Revamped Magic Keyboard for iPad Pro 2021

App has updated the Magic Keyboard for the iPad Pro from 2021 with a new white color and a slight redesign to accommodate the model's new thickness of 12.9. It's beautiful in white, but it's also more prone to smudging and dirt showing up much quicker after carrying a device with you all day. It is not a coincidence that the keyboards of most laptops are dark in color.

Still, on the face of it, it is super pretty. And it is striking that they do not offer Magic Keyboards in more colors, in the same way as the new iMac.

Should you buy the iPad Pro 2021?

If you have a iPad Pro from 2020, I would wait a couple more years before doing an update.

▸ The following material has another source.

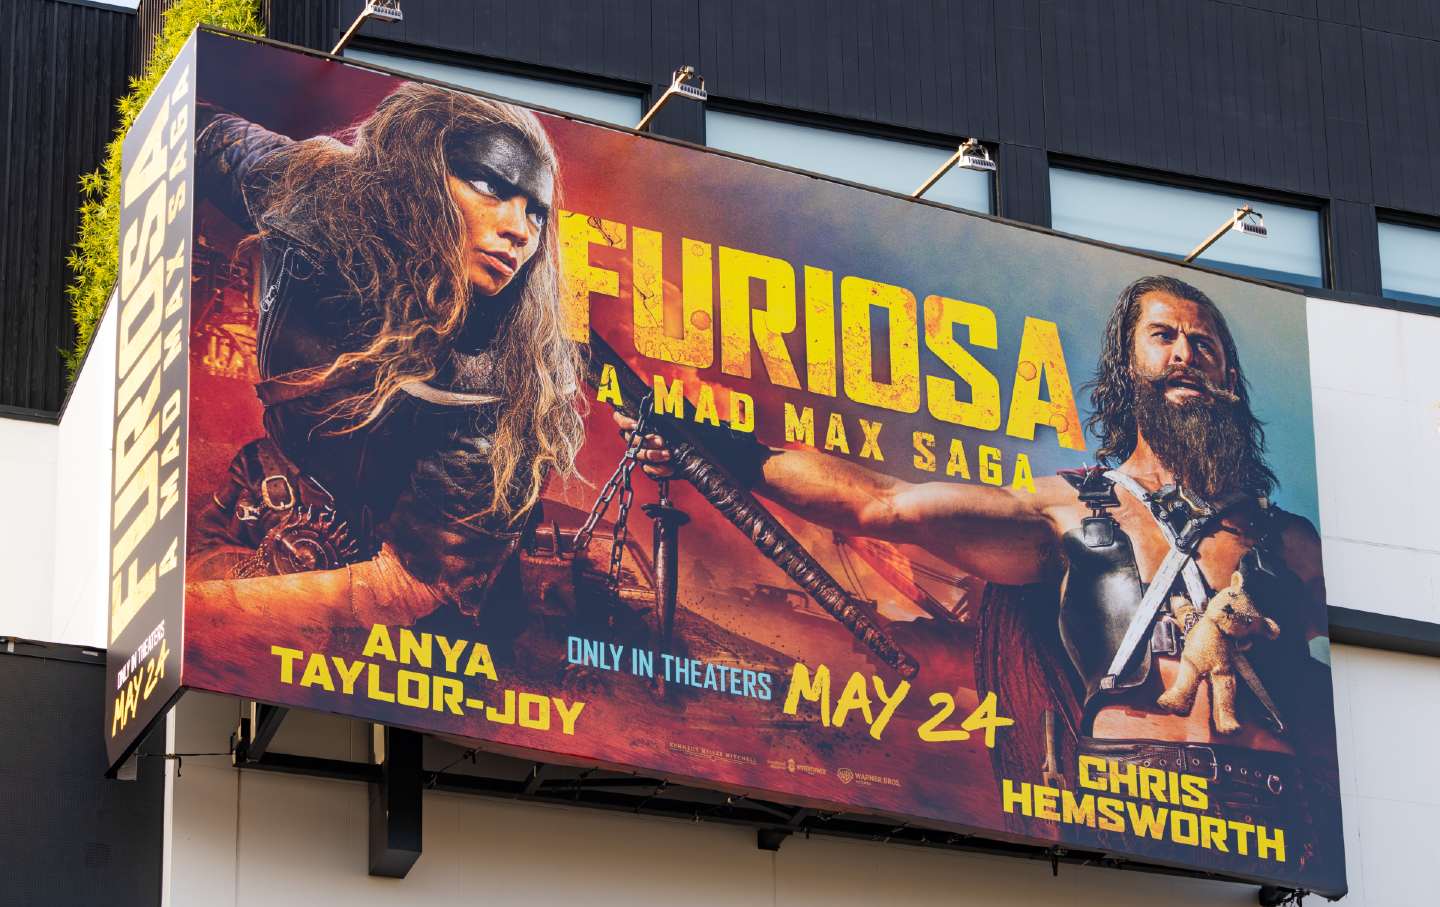 General views of the “Furiosa: A Mad Max Saga” skyscraper billboard campaign in Hollywood, California.
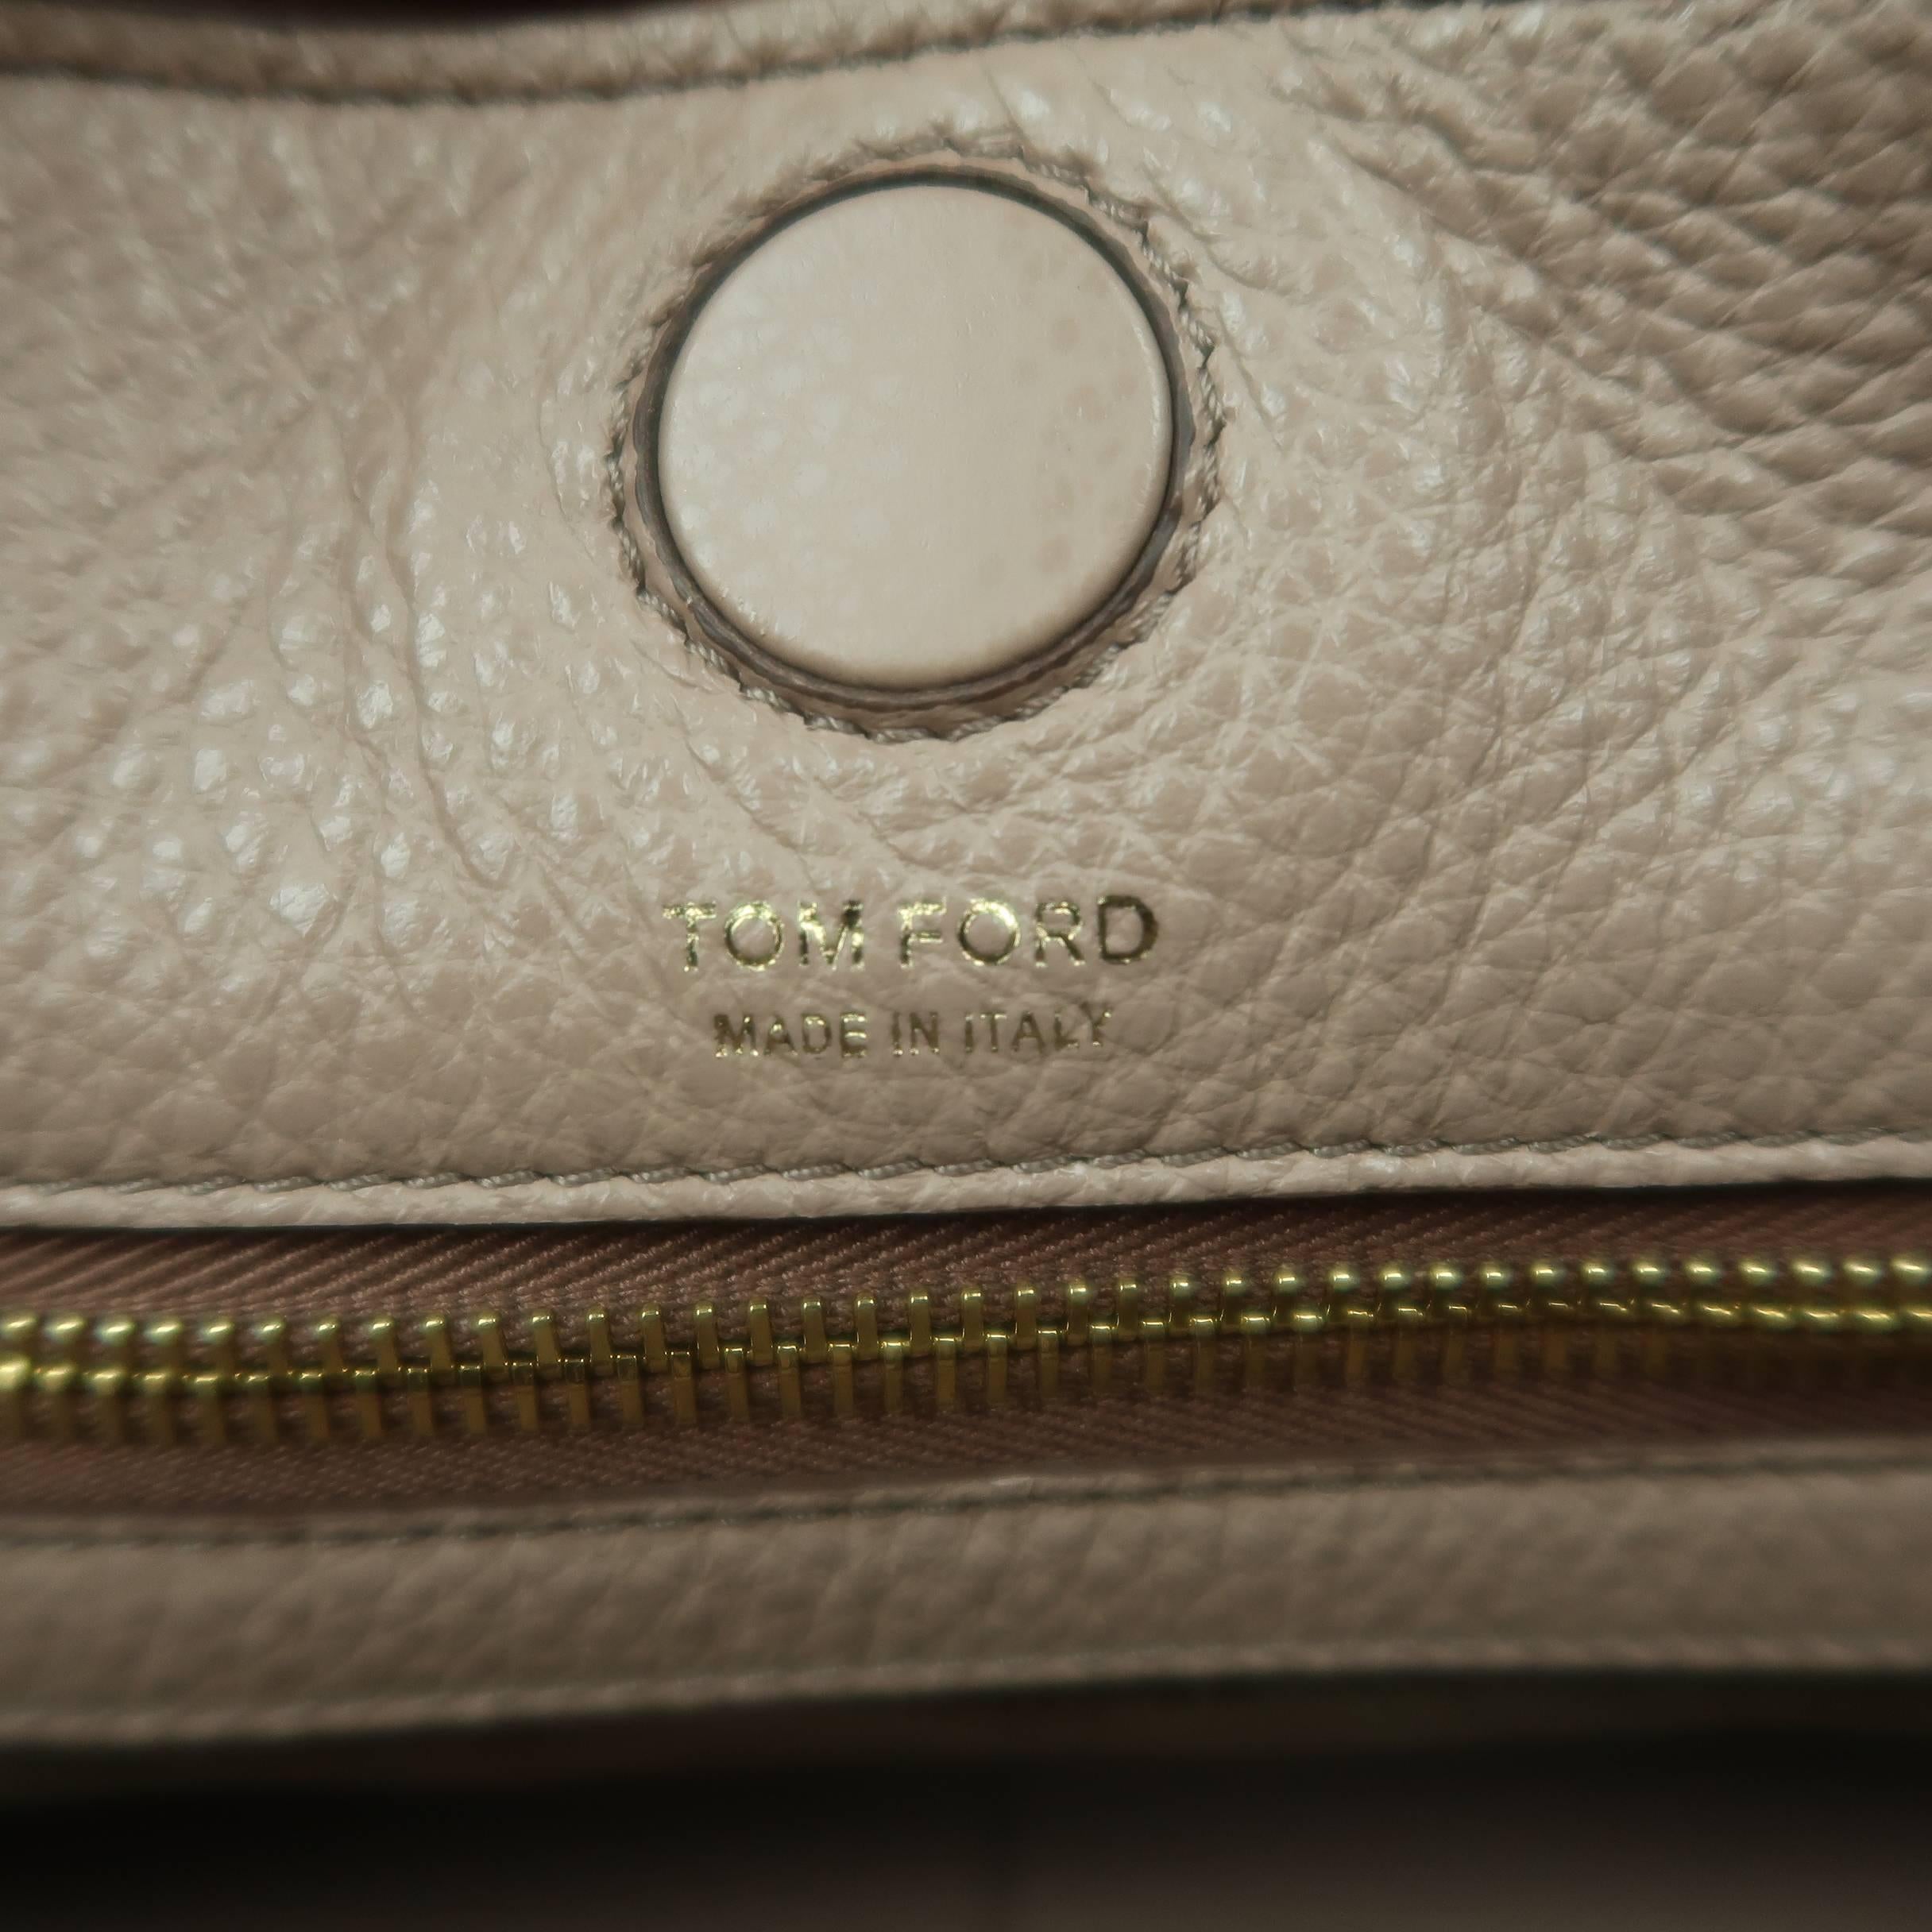 Tom Ford Handbag - Alix - Nude Textured Leather Gold Padlock Clutch Bag 5

Of course: if the issue of screens mini-LED is extremely important in your workflow or consumption habits, then perhaps you should consider it. This is the best display on a portable device I have ever seen. Point. It is impressive.

If you intend to migrate all your professional activity to the iPad, then I have bad news. It's still better to invest that money in a 13-inch MacBook Pro with Apple Silicon . Although there are advances and improvements in the productivity decks, everything is still far behind what is available on a Mac.

What choice to make between a iPad Pro 11 and 12.9 inches? I would definitely go for the 12.9 model. Just for the XDR screen and having more space to work, it's worth it.

Many of us iPad enthusiasts live in a strange limbo, where we get excited about having a huge hardware, with a processor impressive, incredible autonomy and super capable multi-touch screens. But at the same time we get frustrated with a very limiting operating system and a significant lack of applications.

Will the latter change with iPadOS 15 ? In a few days we will see if, again, the second part of the story of the iPad Pro 2021 with an M1 processor has the next version of the operating system.